Josephine Bulmer

Personal information
- Nationality: Australian
- Born: 18 October 1996 (age 29) South Australia

Sport
- Country: Australia
- Sport: Canoe sprint

= Josephine Bulmer =

Australian canoeist

Josephine Bulmer (born 18 October 1996) is an Australian canoeist. She qualified to represent Australia at the 2020 Summer Olympics and competed in the Women's C-1 200 metres and with Bernadette Wallace in the Women's C-2 500 metres. They were unable to progress past the quarterfinals of the women’s C-1 200m, while they finished 13th as a pair in the C-2 500m.

== Early years ==
At a young age Bulmer watched her brother paddling. He was selected for the South Australian Sports Institute's talent identification program and Bulmer decided to follow him into Kayaking.

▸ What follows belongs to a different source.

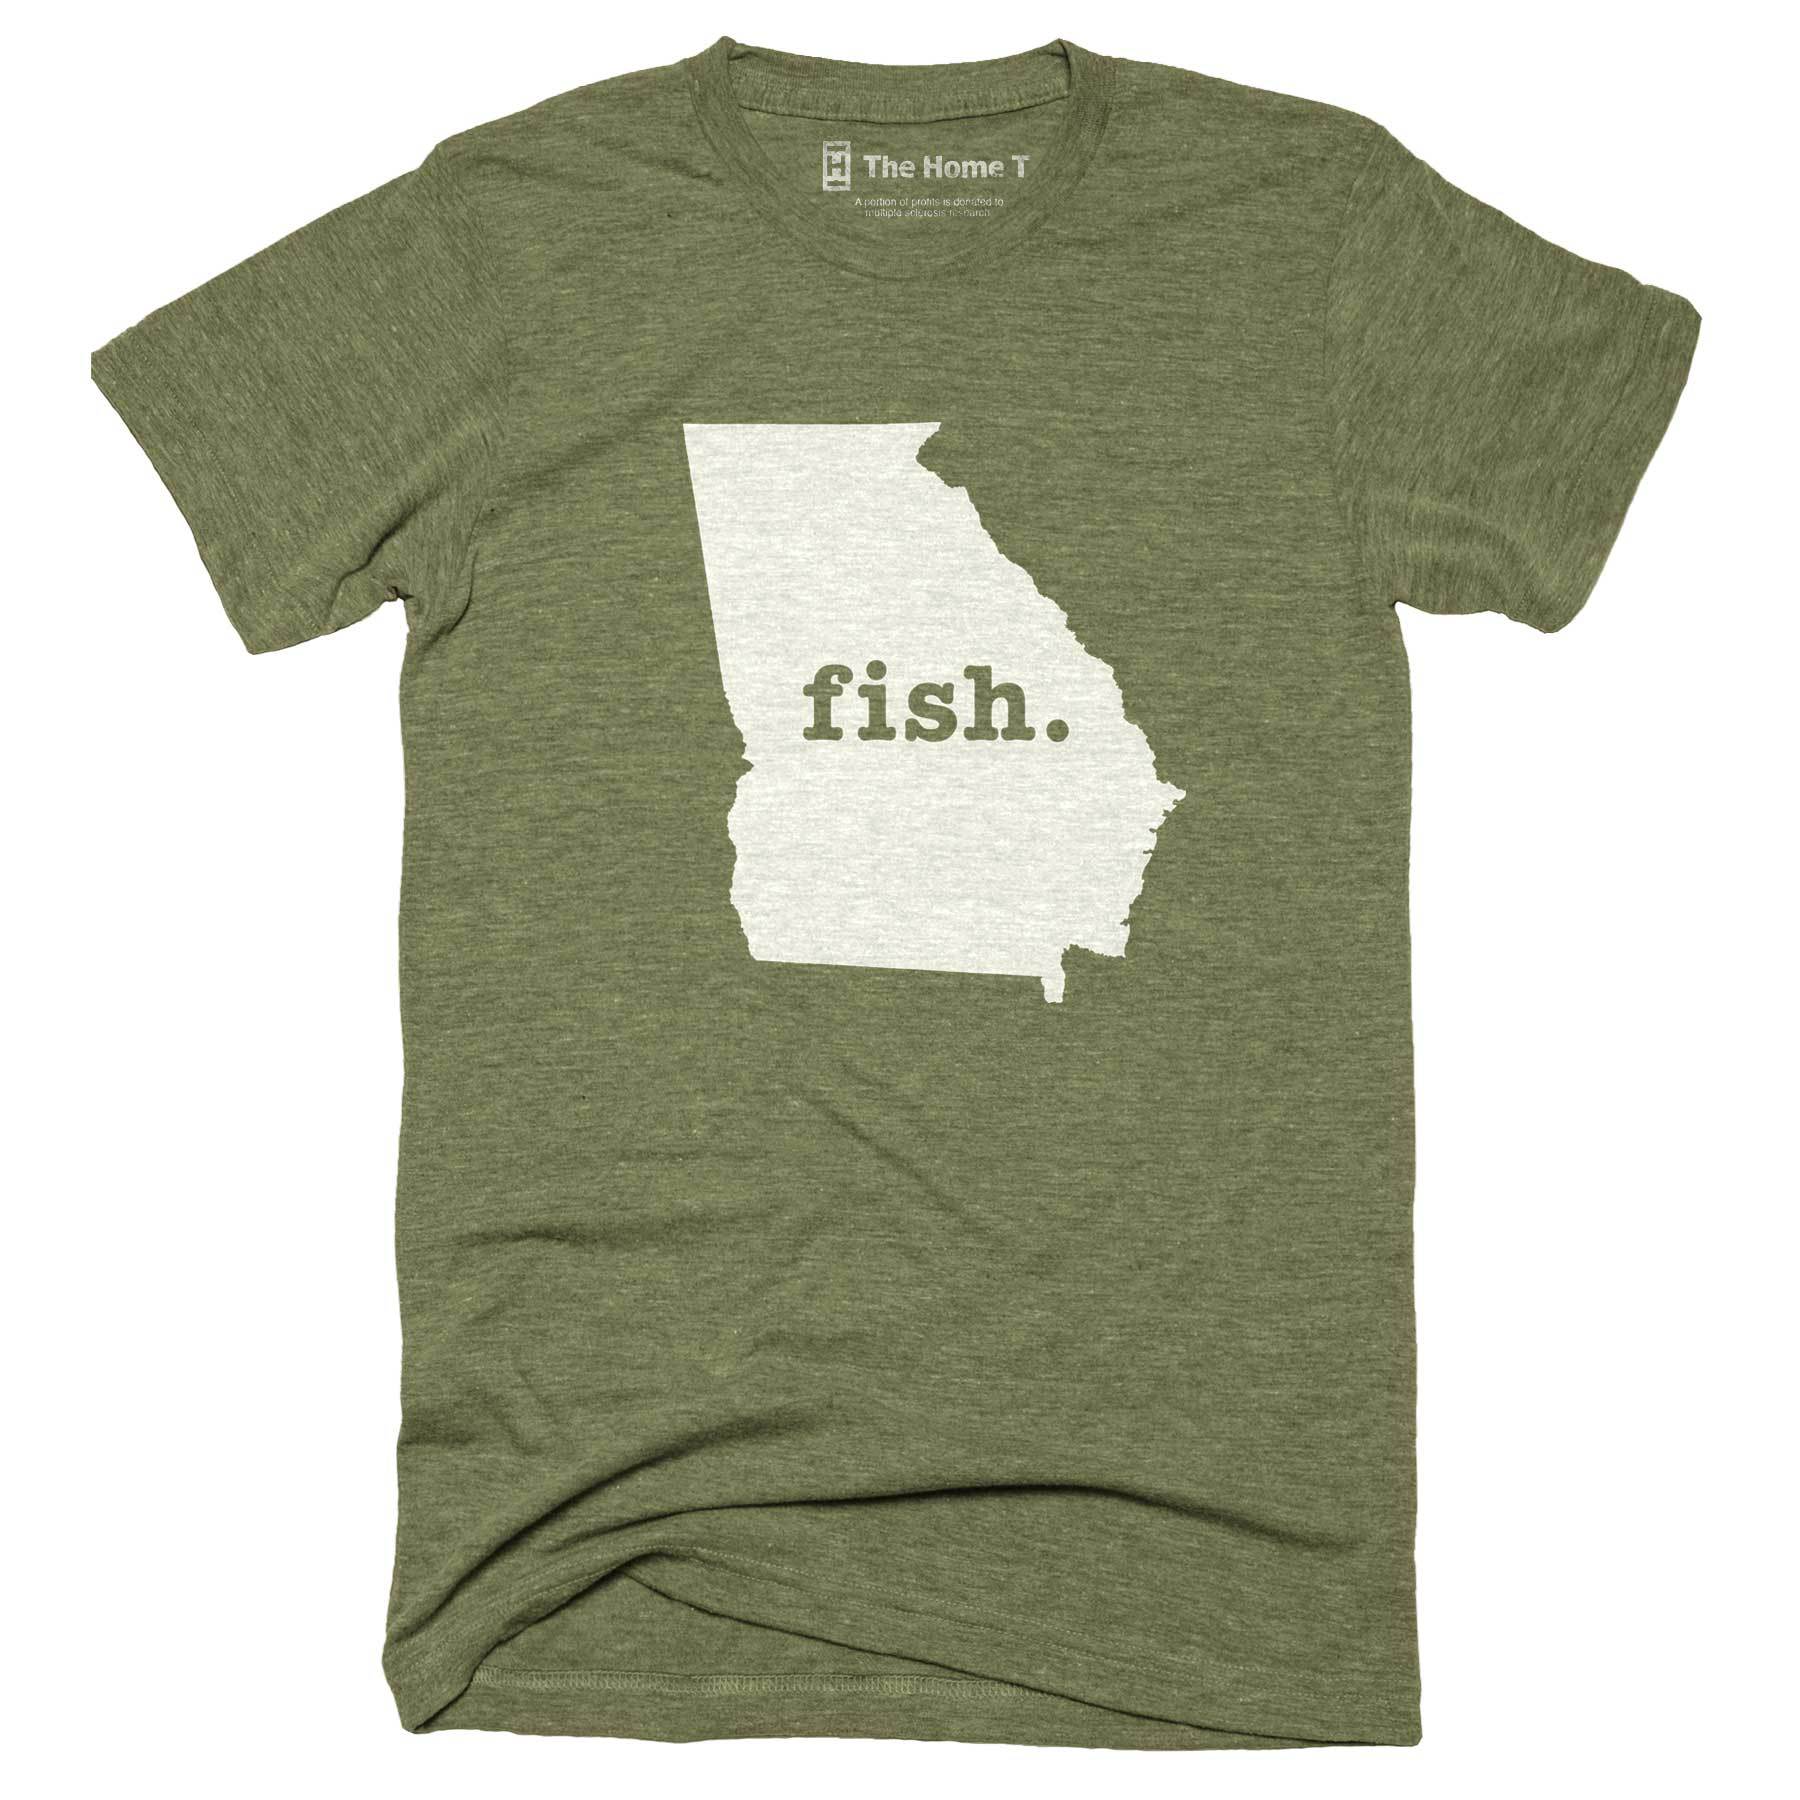 Georgia Fish Home T-Shirt Outdoor Collection The Home T XXL Army Green

Bulmer grew up in North Haven South Australia and spent nine years climbing the junior ranks and represented Australia at the 2014 Junior World Championships. Here, she finished in the top 10 of the K1 and K4 500 metres.

At the age of 19, encouraged by her coach, Bulmer made the switch to canoe events.

== Achievements ==
Bulmer represented Australia at the 2016 and 2017 World Championships. She then made her elite debut in 2018 at the World Cup event in Germany, Here she secured her first-ever senior final in a C1 200 event.

Canoe racing made its debut on the women's schedule at the Tokyo 2020 Olympics and Bulmer wrote sporting history when she and paddle partner Bernadette Wallace secured Australia's first-ever women's Olympic Canoe quota spots. The pair won the C2 500 at the Oceania Canoe Sprint Championships and Bulmer's Tokyo 2020 Olympic debut was confirmed.